Target Price: RM4.86 ↓
Period
4Q12/12M12
Actual vs. Expectations
The full year net profit (NP) of RM376.1 came in within estimates, making up 97.7% and 96.7% of the street’s estimate and our forecast of RM385m and RM389 respectively.
Dividends
No dividend was declared in the quarter.
Key Result Highlights
- YoY, FY12 revenue increased 17.9% on the back of new stores openings (13 in total for the year; 8 in China, 2 in Malaysia, 2 in Indonesia and 1 in Vietnam) and decent same-store sales growth ("SSSG") of 9% for Malaysia, 6% for China and 9% for Vietnam.
- Meanwhile, its property and investment holding segment registered a RM20.2m revenue compared to the previous negligible contribution in FY11. This was mainly due to its first local self-owned and managed retail mall, KL Festival City, which saw increasing occupancy rate and better operating efficiencies.
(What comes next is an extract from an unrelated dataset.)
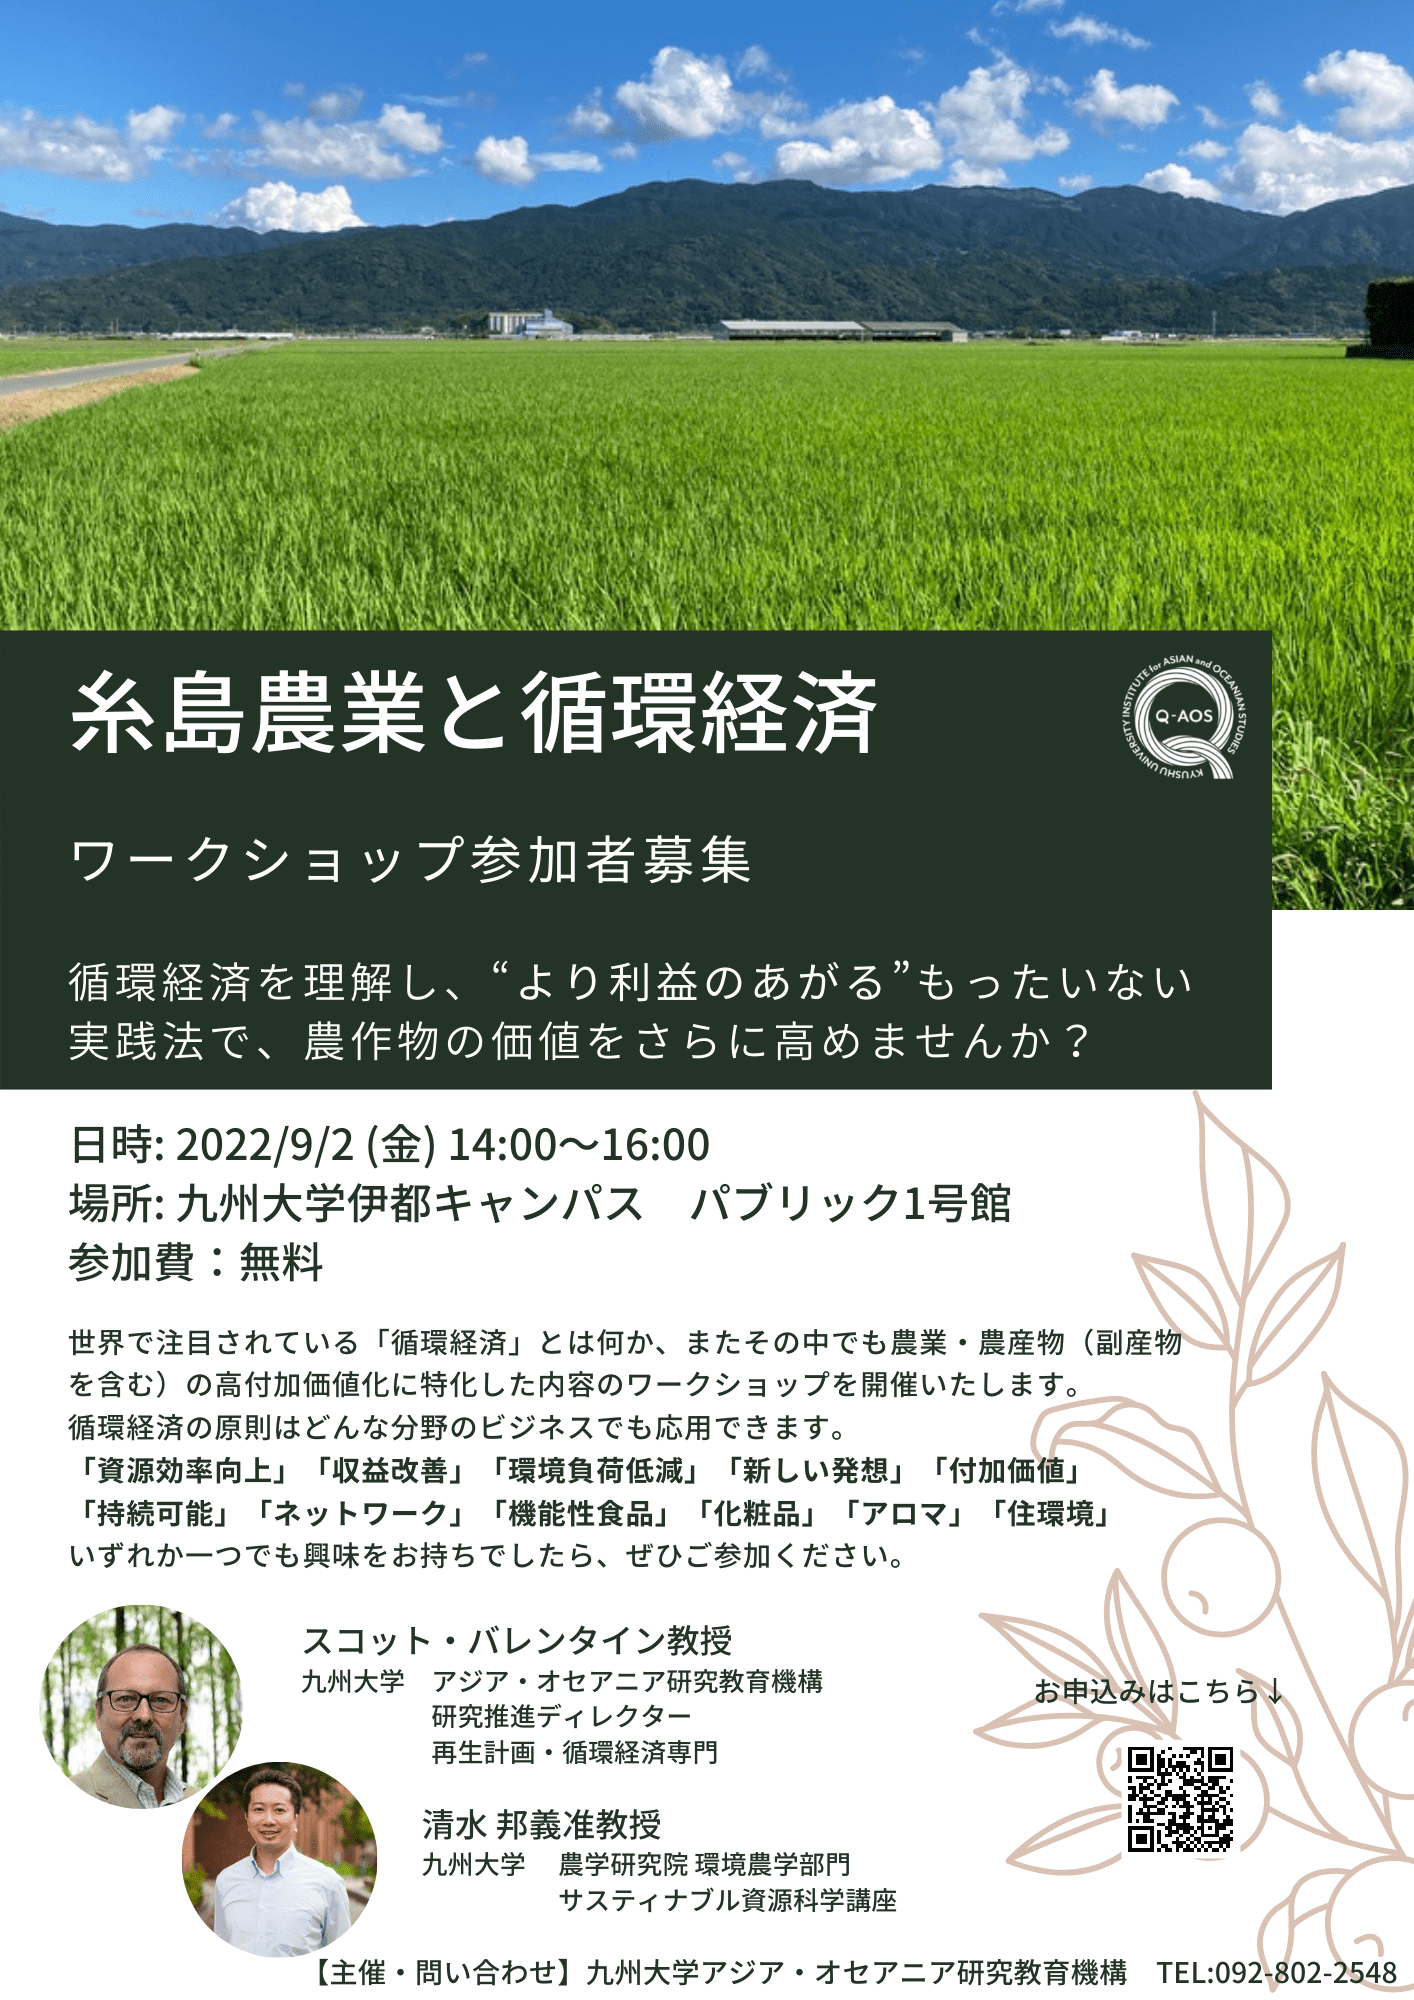 アイキャッチ画像：「糸島農業と循環経済」ワークショップ

As a result, the overall NP grew 7.9% YoY for FY12.
- QoQ, the 4Q12 sales performance declined 10.0% due to the absence of festive season while the NP dropped further by 24.1% due to higher operating expenses, resulting in a lower net margin of 9.4% as opposed to 11.1% in 3Q12 despite a lower effective tax rate of 24.8% (25.2% in 3Q12).
Outlook
Earnings prospect remains positive on the back of its new store expansion plan with the management’s vision to maintain the SSSG (7-9% for China, 8-10% for Malaysia, 10% for Vietnam and 8-10% for Indonesia). However, we remain conservative and have assumed mainly mid-single digit SSSG for the company given the uncertain global economic condition, which could affect consumer spending.
Change to Forecasts
Maintaining our earnings estimates of RM422.9m and RM453.8m for FY13-14E.
Rating
Downgraded to MARKET PERFORM
Valuation
- Our rating downgrade is premised on lower valuation premium for its Hong Kong listed subsidiary, PRG, as we are concerned over potentially slower growth rates from its China and Hong Kong operations. Besides, the recent disposal of the holding company assets to its Singapore-listed subsidiary (see overleaf for details), PRA, should see a potential de-rating to its valuation multiple as well.
- We have downgraded our TP to RM4.86 (from RM5.44 previously) based on a SOP valuation. We have cut our PER multiples for PRG and PRA to their respective lowest traded PERs in the past 3 years, which are 17.9x and 16.0x respectively, from 20x and 18x previously. In addition, we have also applied a 25% discount to our full SOP valuation of RM6.48 to account for its ‘pure’ holding company status.
Risks
A slowdown in the global economic, especially China, which would cut the purchasing power of consumers.